– А что будет с нашими вещами?
Сингер нарочито вздохнул.
– Паршивая тварь, неужели ты думаешь, что мы захотим украсть что-то из вашего дерьма?
Джек воздержался от ответа.
Сингер вздохнул вновь.
– Ладно. Мы сохраним их для тебя, в конверте с твоим именем. В кабинете преподобного Гарденера внизу – там мы храним и ваши деньги, до полного вашего освобождения. Ясно? Заходи, не то я доложу о твоем неподчинении. Я серьезно.
Волк и Джек вошли в маленькую комнату. Когда Сингер с грохотом захлопнул дверь, над потолком автоматически зажегся свет, озарив каморку без окон, с металлической двухъярусной кроватью, маленькой раковиной в углу и металлическим стулом. Ничего больше. На побеленных стенах желтели отметины от скотча в тех местах, где крепились картинки, которыми украшали комнату ее прежние постояльцы. Щелкнул запирающийся замок, Джек и Волк увидели в маленьком прямоугольном окошке злобное лицо Сингера.
– Будьте хорошими мальчиками, – усмехнулся он и исчез.
– Нет, Джек, – простонал Волк. Всего какой-то дюйм отделял его макушку от потолка. – Волк не может здесь оставаться.

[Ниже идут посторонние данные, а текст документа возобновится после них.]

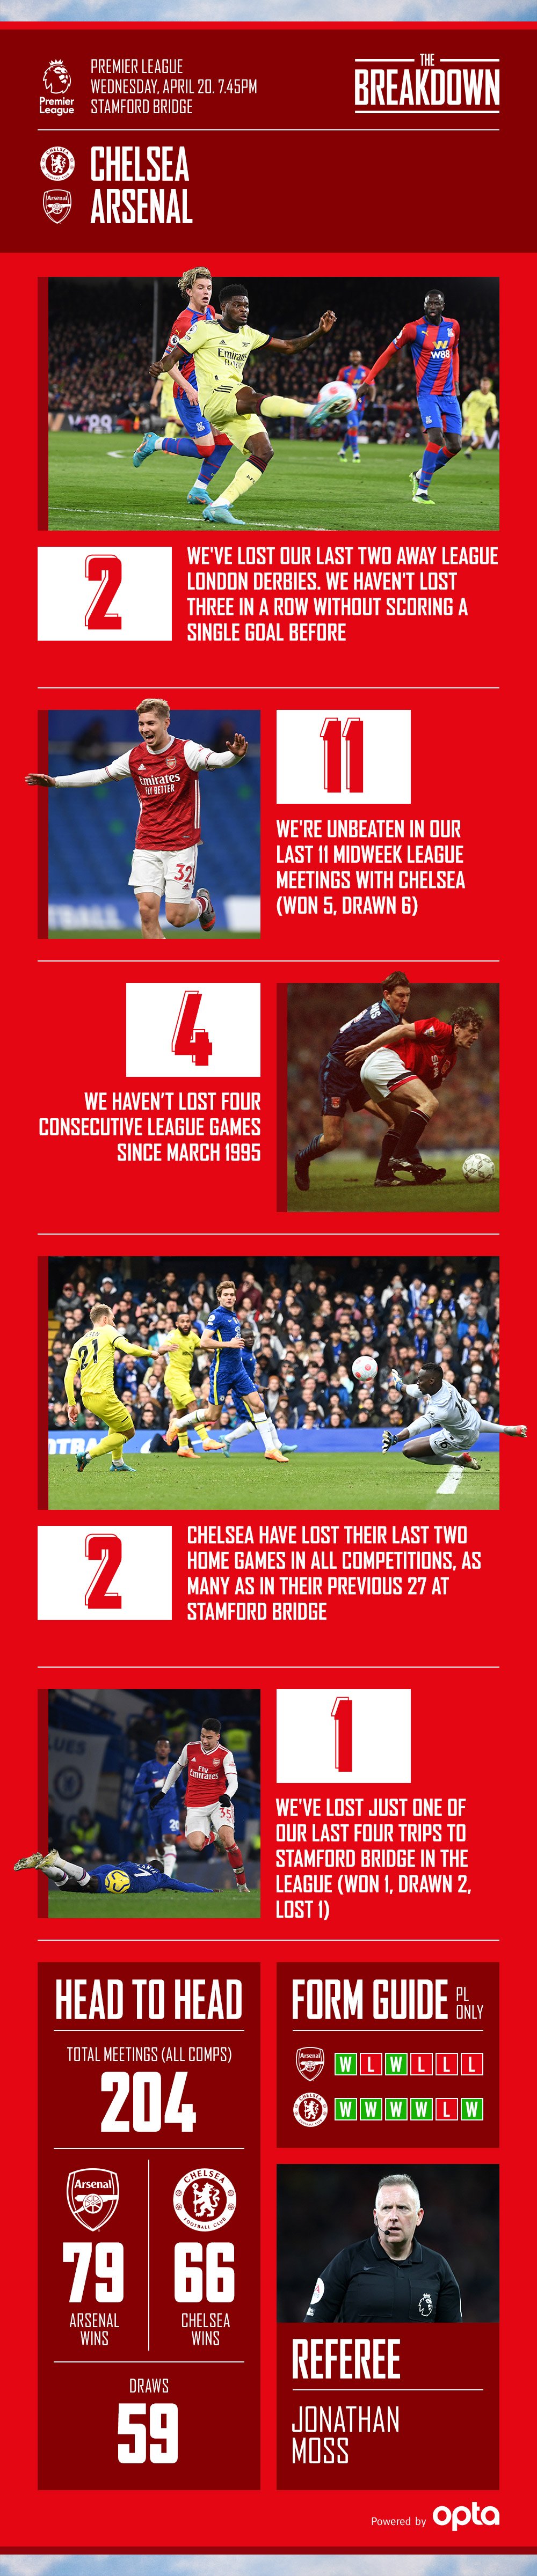 Chelsea vs Arsenal Breakdown

– Ты лучше сядь, – предложил Джек. – Хочешь занять нижнюю койку или верхнюю?
– Что?
– Займи нижнюю и сядь. Мы попали в беду.
– Волк знает, Джеки. Волк знает. Это плохое-плохое место. Не могу оставаться.
– Почему это плохое место? Я хочу сказать, откуда ты знаешь?

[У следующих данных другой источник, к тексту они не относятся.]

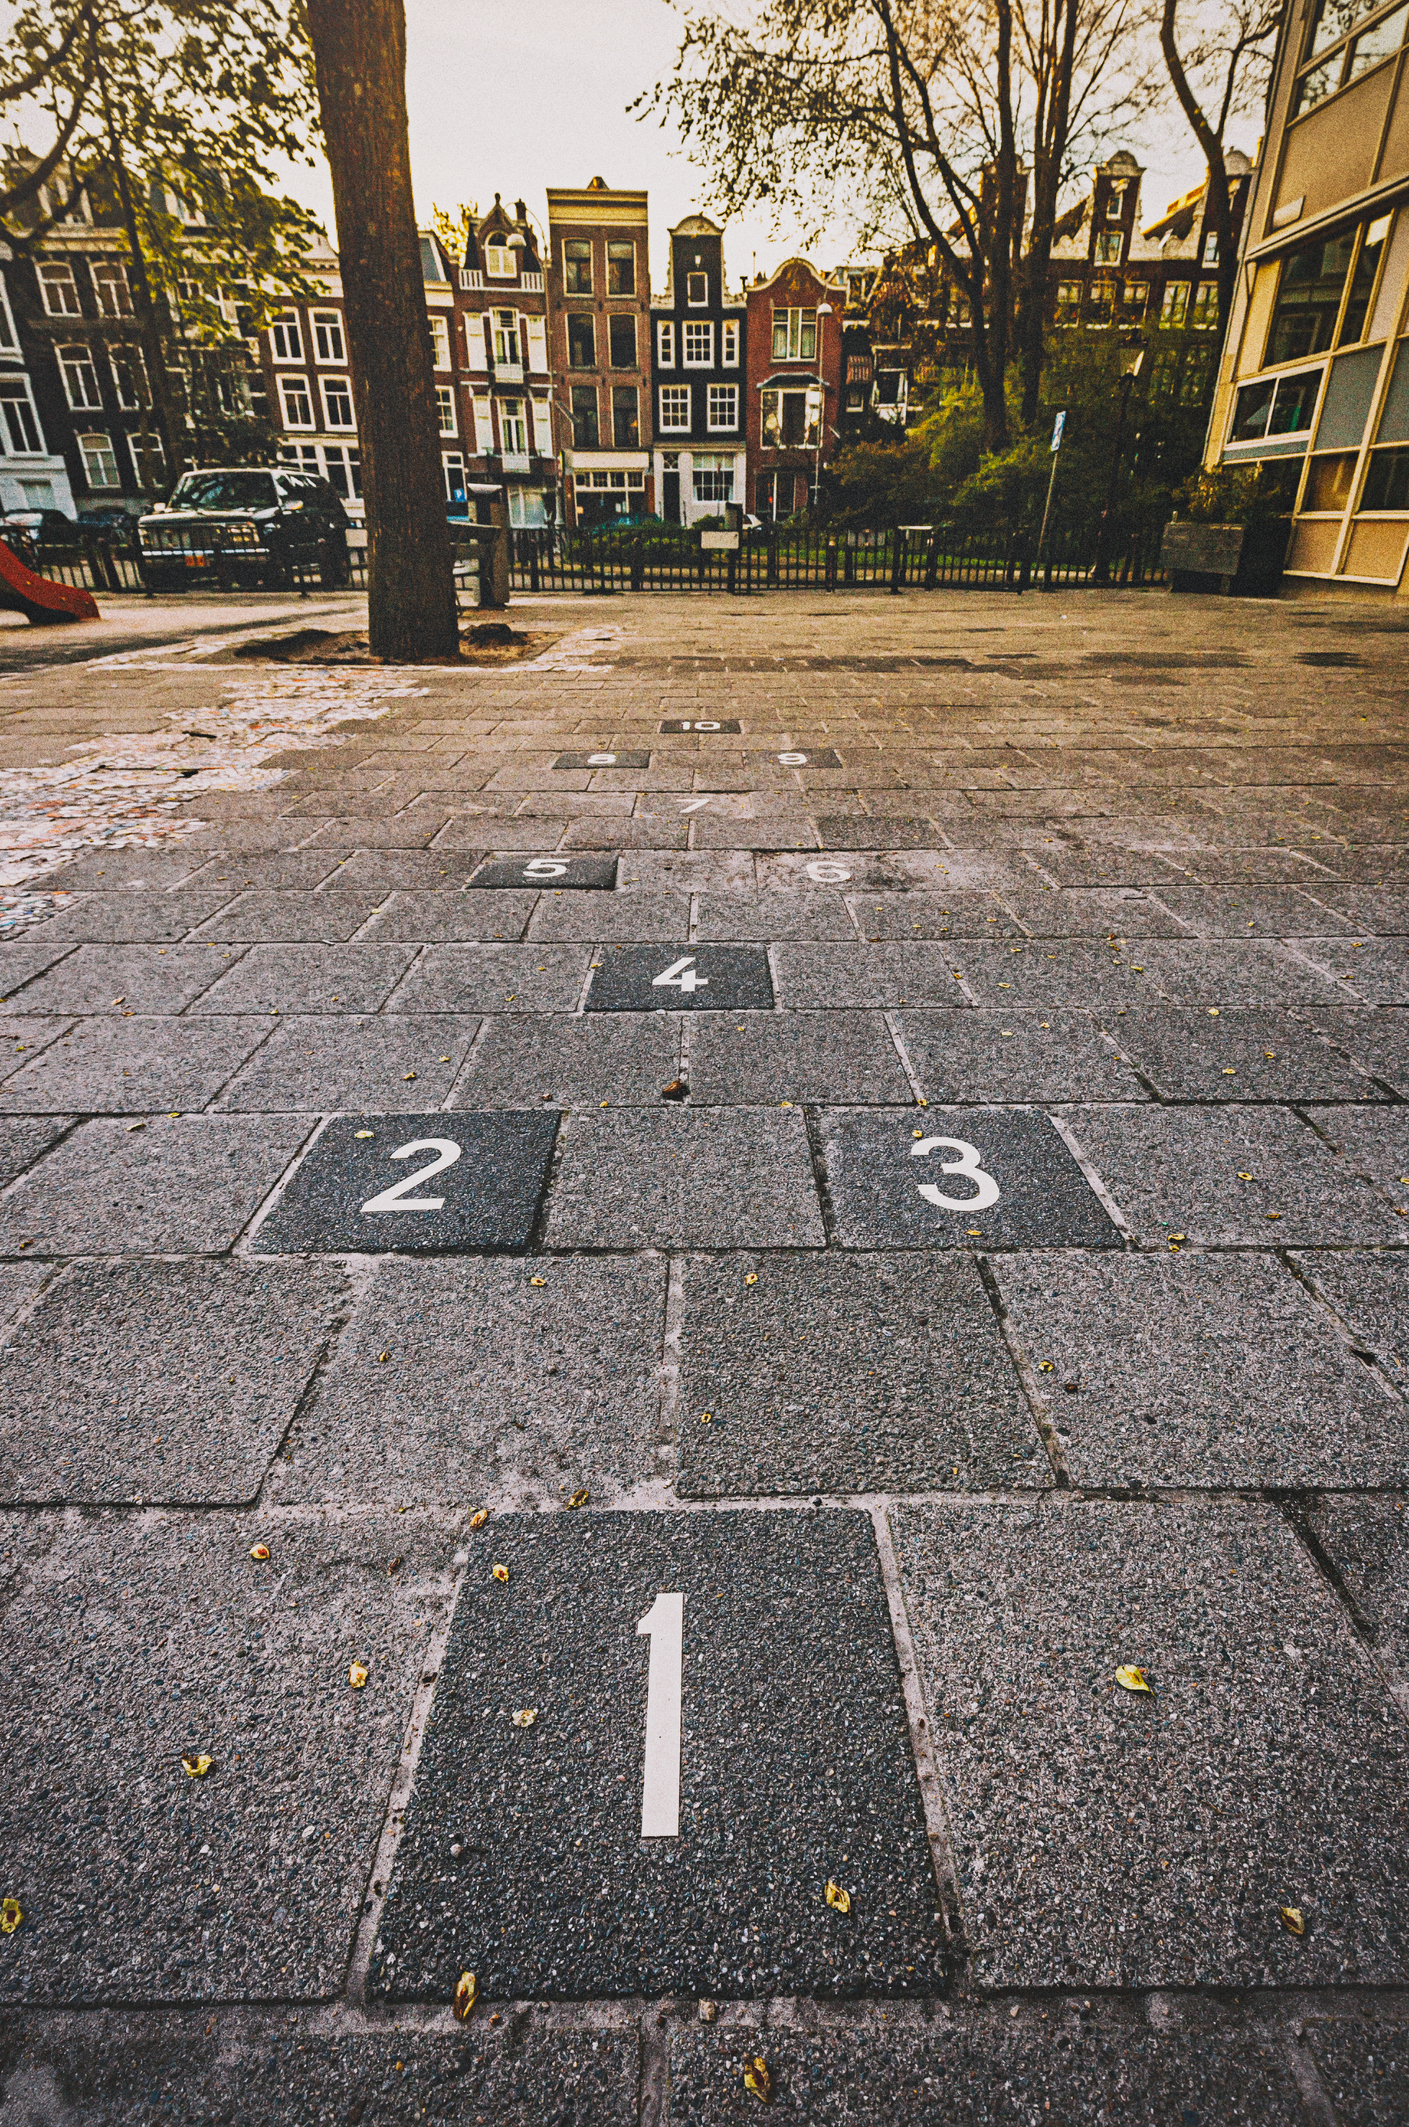 Hopscotch board drawn on street of Amsterdam, Netherlands
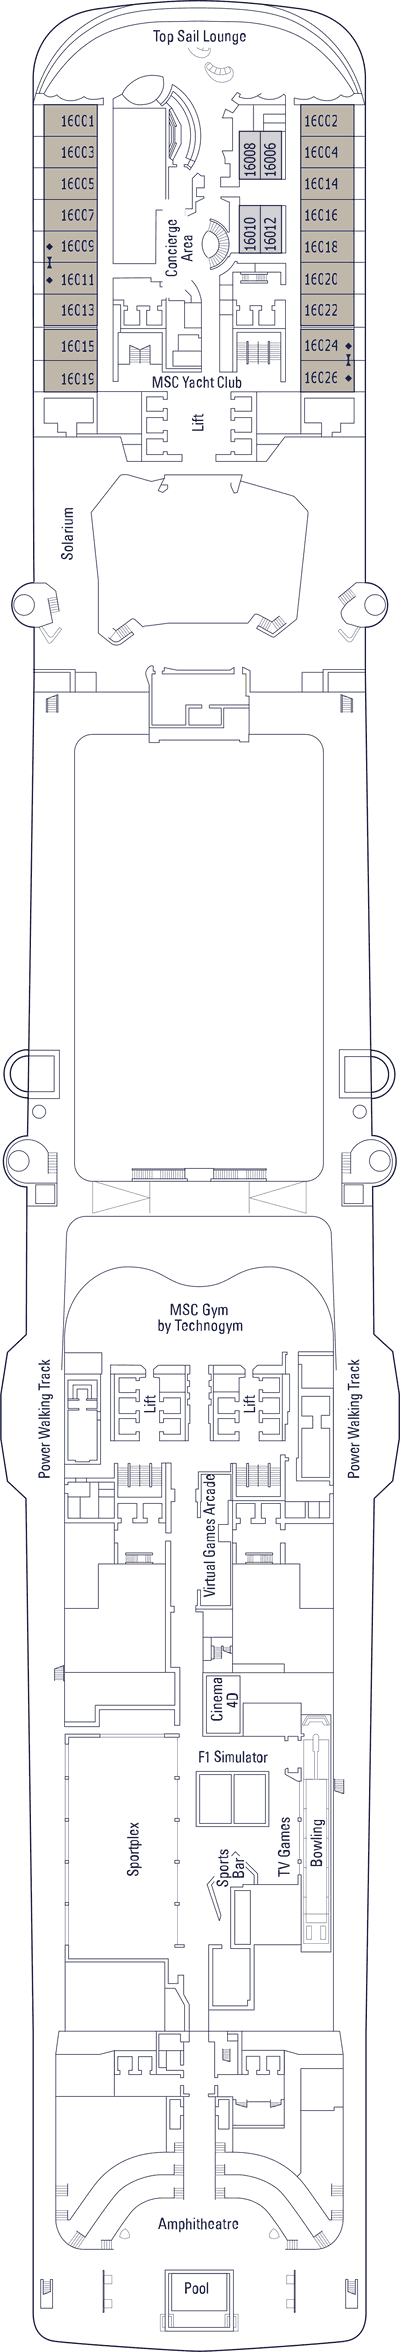 MSC Virtuosa - Decksplan Deck 16

Волк тяжело опустился на нижнюю койку, бросил новую одежду на пол, взял с кровати книгу и брошюры. Переплет книги – разумеется, Библии – был изготовлен из какого-то пластика, напоминавшего синюю кожу. Брошюры назывались «Прямая дорога к вечной милости Господней» и «Бог любит тебя!».
– Волк знает. И ты тоже знаешь, Джеки! – Волк посмотрел на него, почти со злостью. Потом вновь перевел взгляд на брошюры, начал их вертеть, обнюхивать. Джек предположил, что раньше он книг не видел.

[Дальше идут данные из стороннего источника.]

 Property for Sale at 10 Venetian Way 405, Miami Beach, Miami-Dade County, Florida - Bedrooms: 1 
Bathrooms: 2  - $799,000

– Белый человек. – Эти слова Волк произнес так тихо, что Джек едва его расслышал.
– Белый человек?
Волк протянул ему одну из брошюр, на обратной стороне которой была черно-белая фотография преподобного Лучезарного Гарденера. Его роскошные седые волосы ерошил ветер, он стоял раскинув руки – носитель вечного милосердия, любимый Богом!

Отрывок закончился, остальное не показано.